What this task involves :: Reproduce from the records below, with no pictures, exactly the lines between the one containing "Sea to Summit" and the one containing "Milk & Moo yellow", inclusive.
(Beginning of The data)
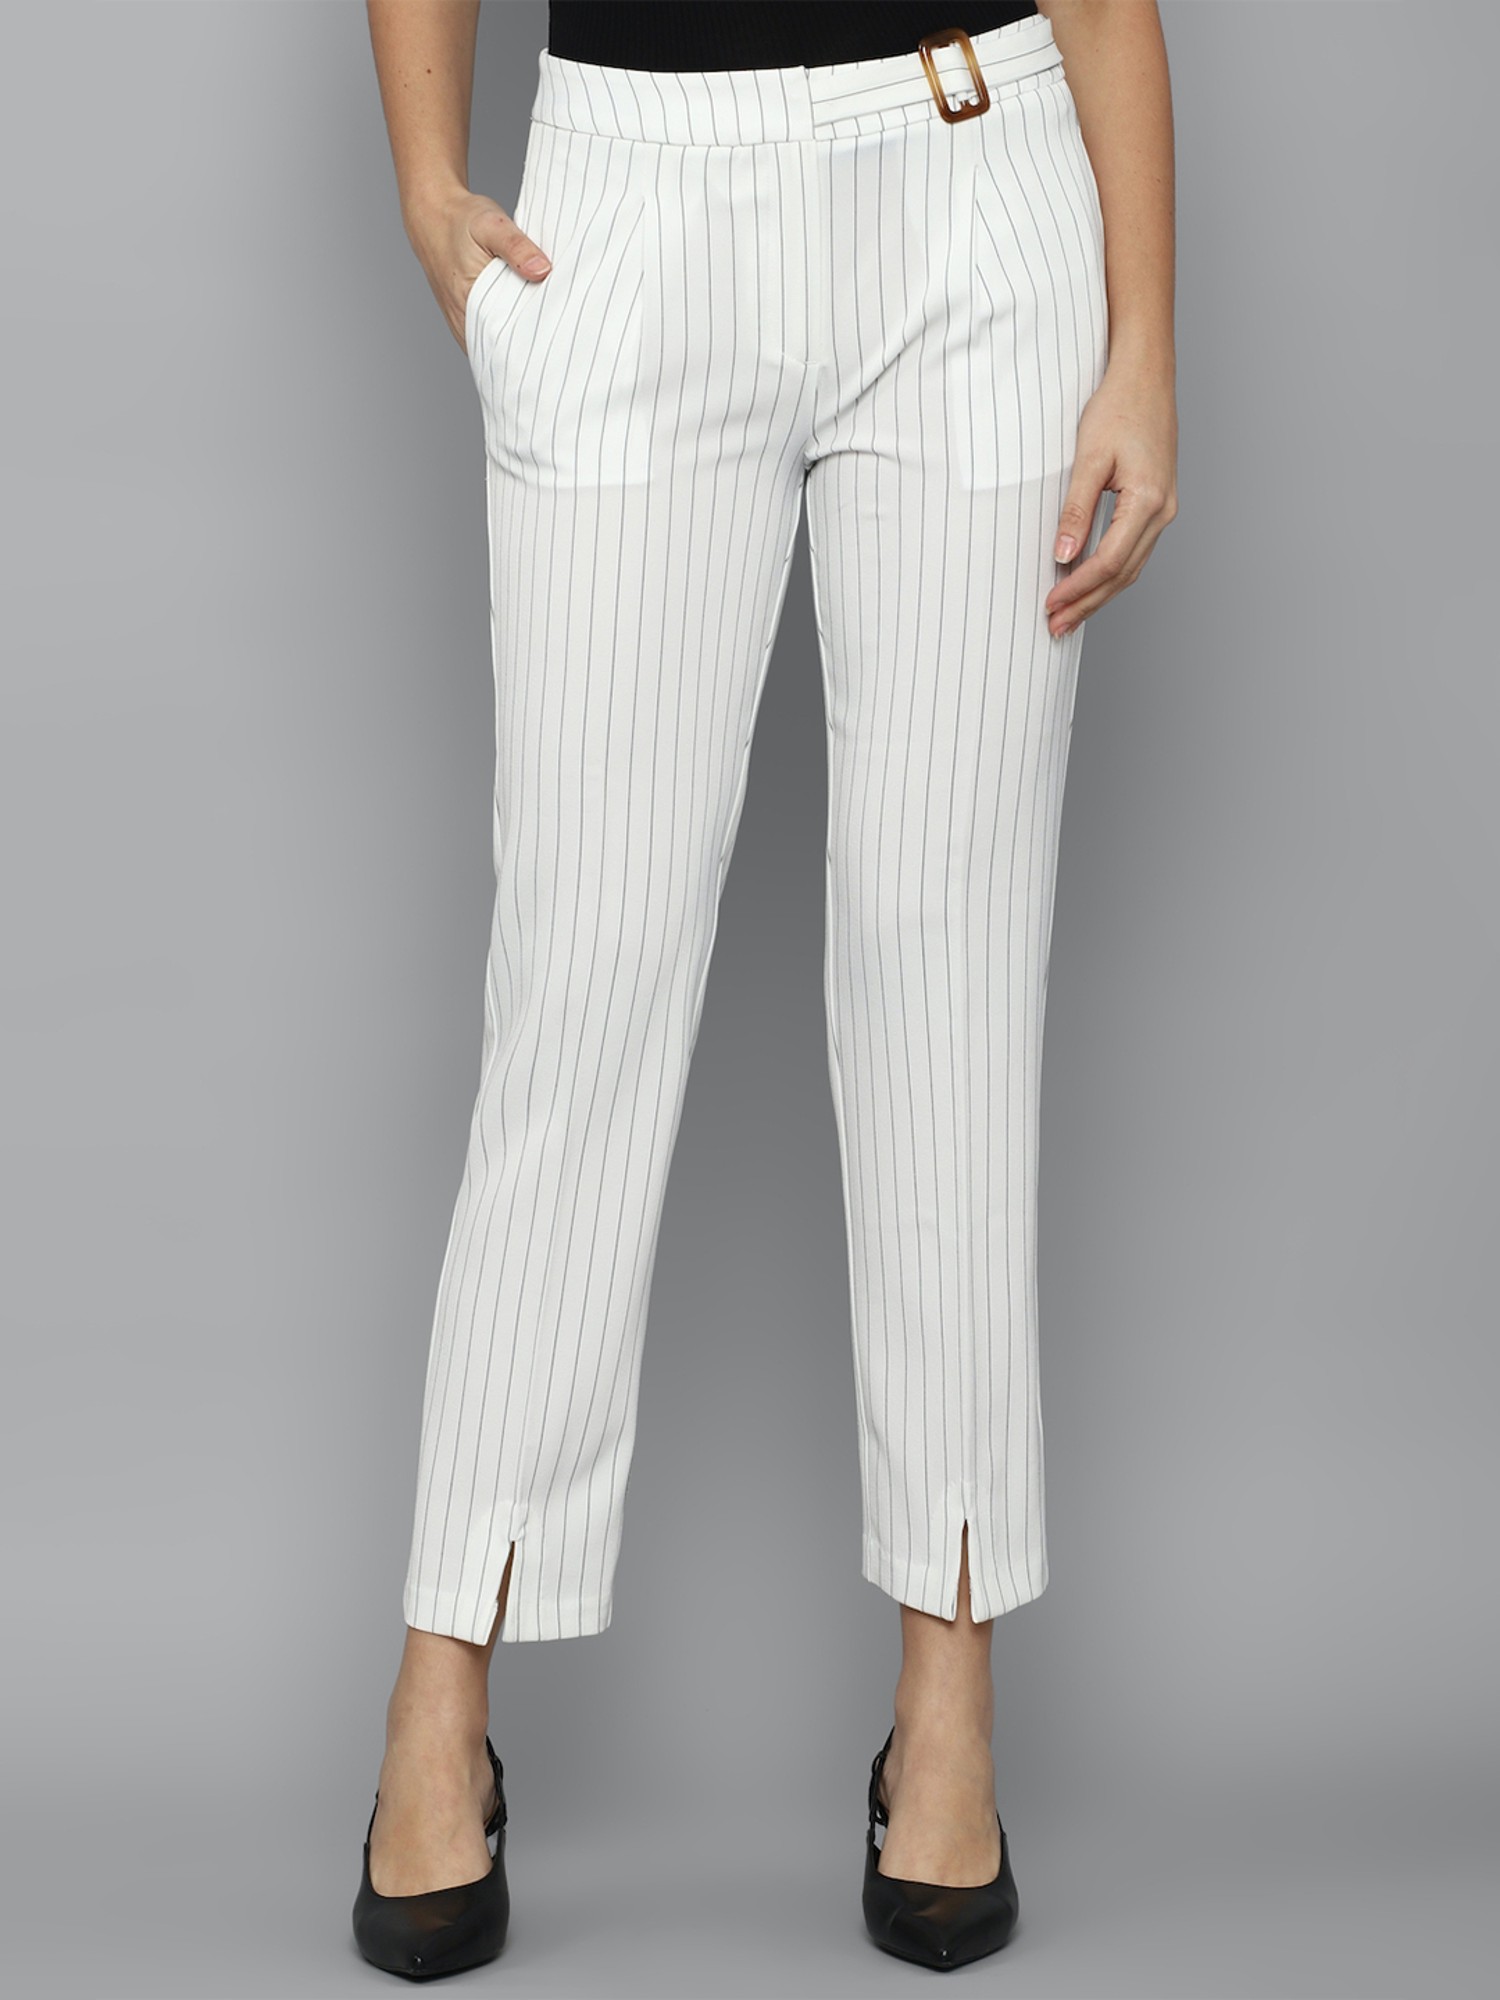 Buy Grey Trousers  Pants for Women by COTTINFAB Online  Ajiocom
(End of The data)
(Beginning of The data)
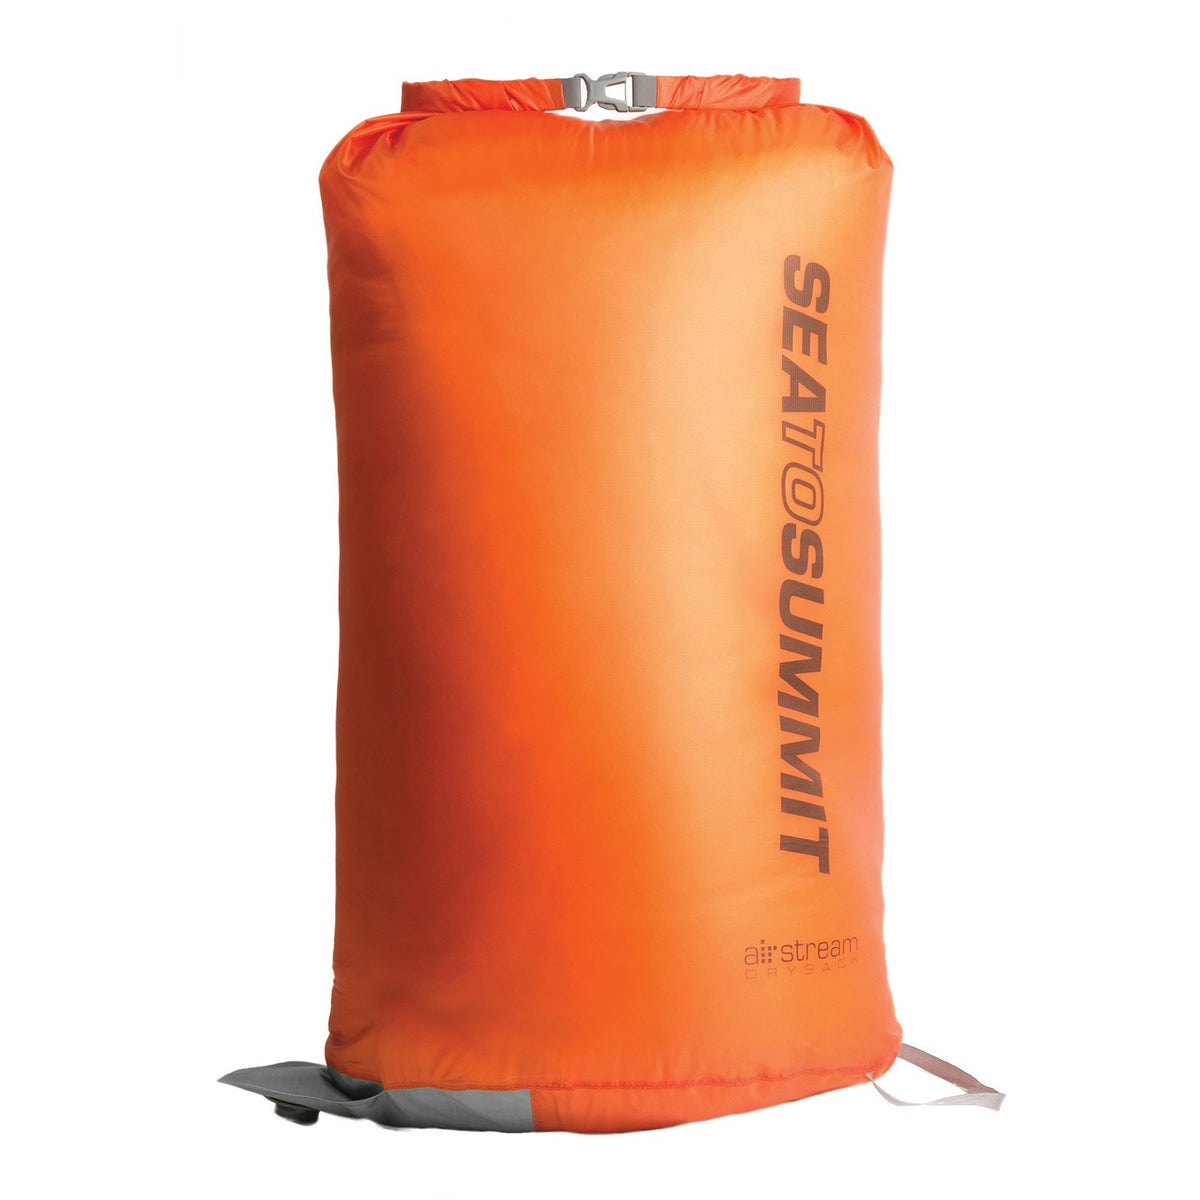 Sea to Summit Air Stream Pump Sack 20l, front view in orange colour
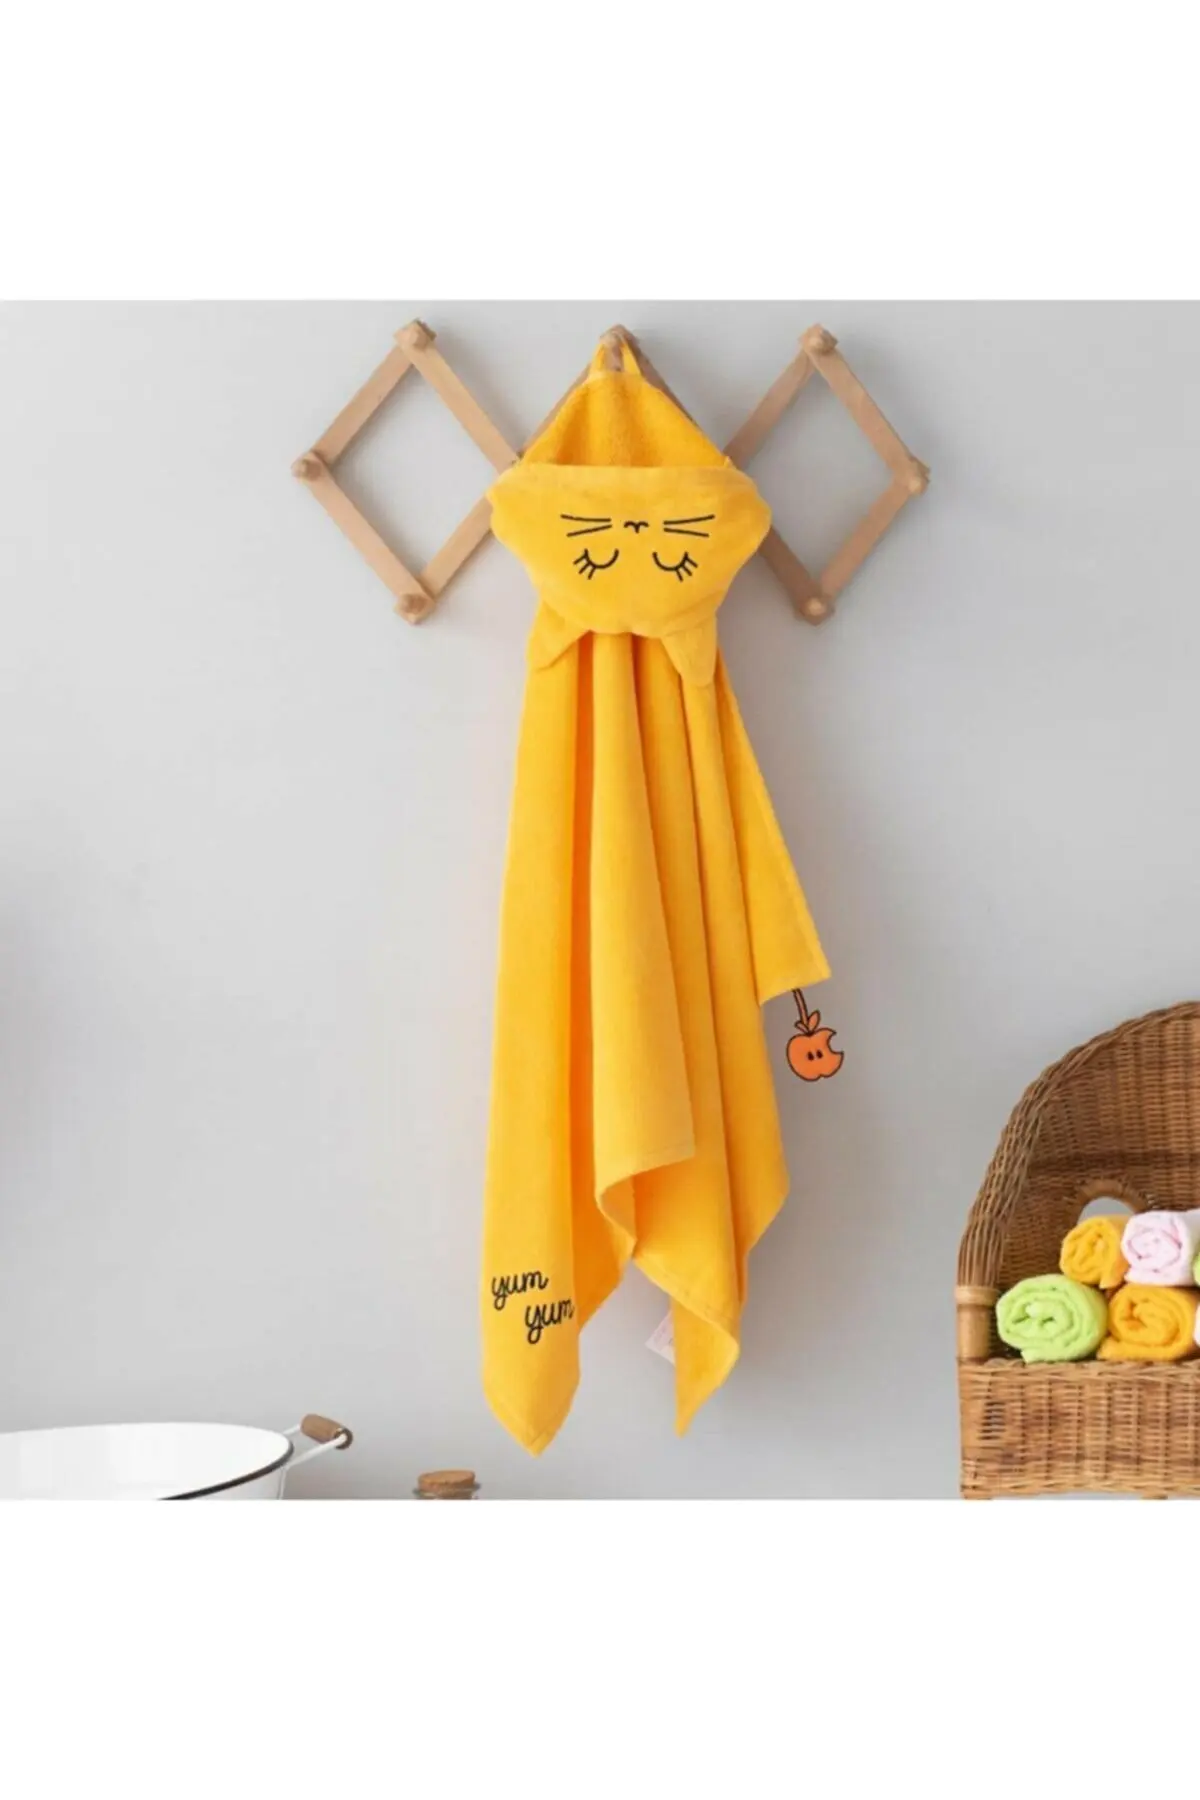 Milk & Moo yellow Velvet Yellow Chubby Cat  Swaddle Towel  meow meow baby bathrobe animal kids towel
(End of The data)
(Beginning of The data)
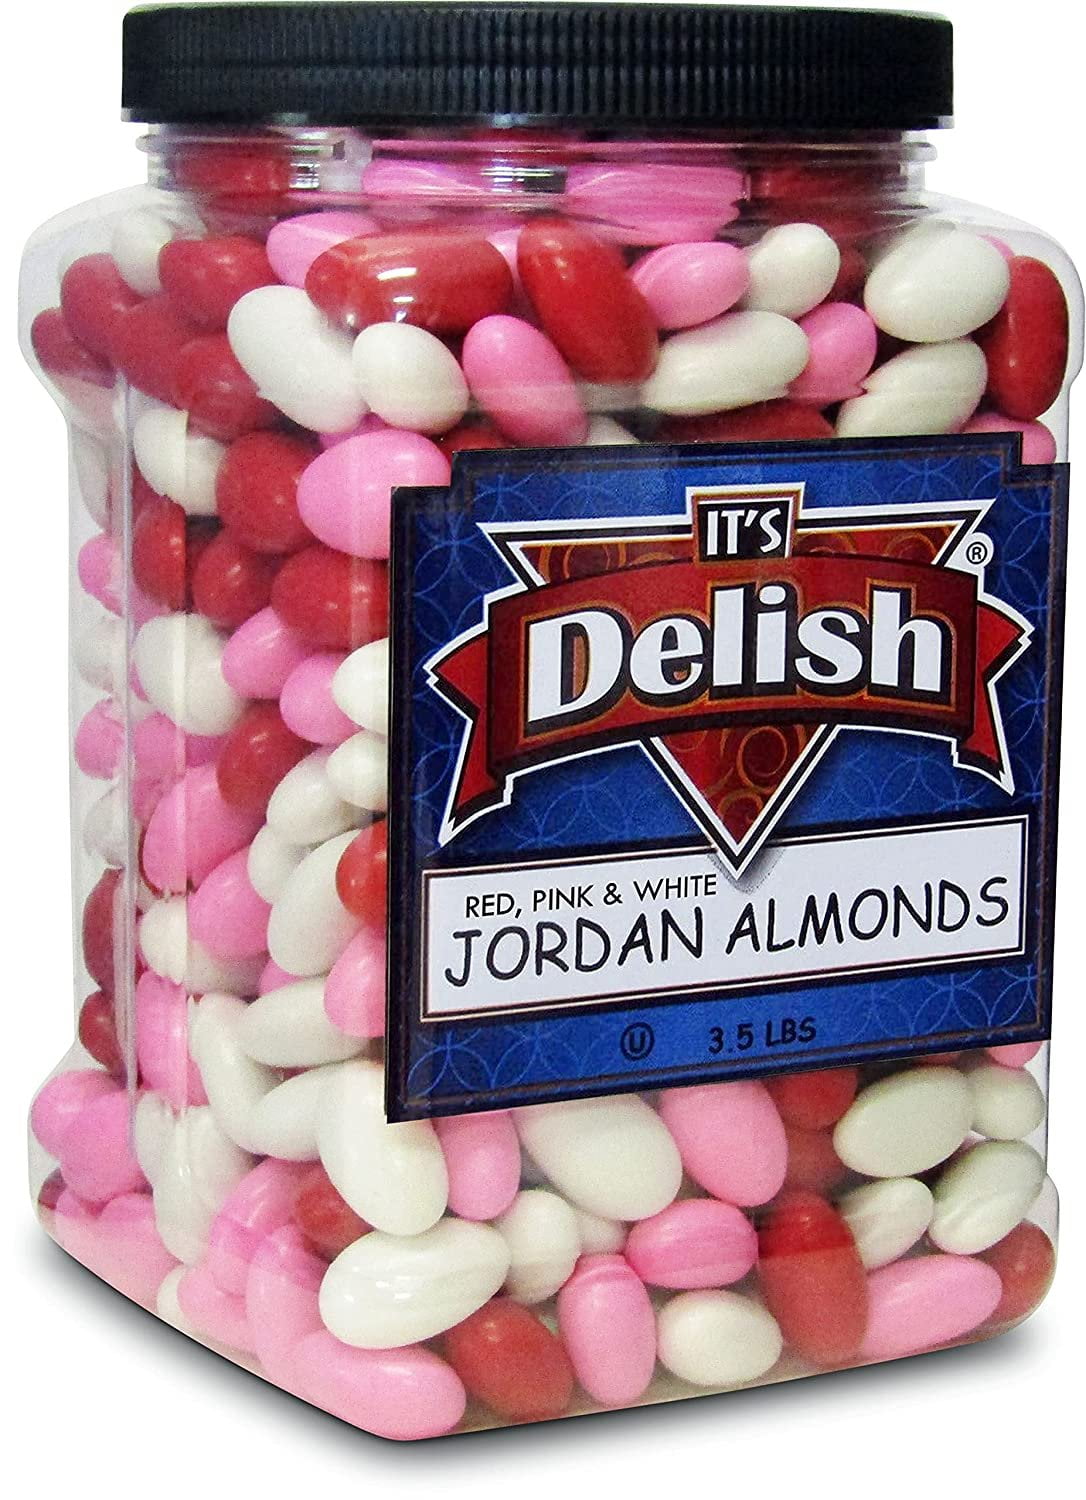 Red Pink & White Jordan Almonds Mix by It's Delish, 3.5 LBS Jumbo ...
(End of The data)
Problem solution ::
 Sea to Summit Air Stream Pump Sack 20l, front view in orange colour
 Milk & Moo yellow Velvet Yellow Chubby Cat  Swaddle Towel  meow meow baby bathrobe animal kids towel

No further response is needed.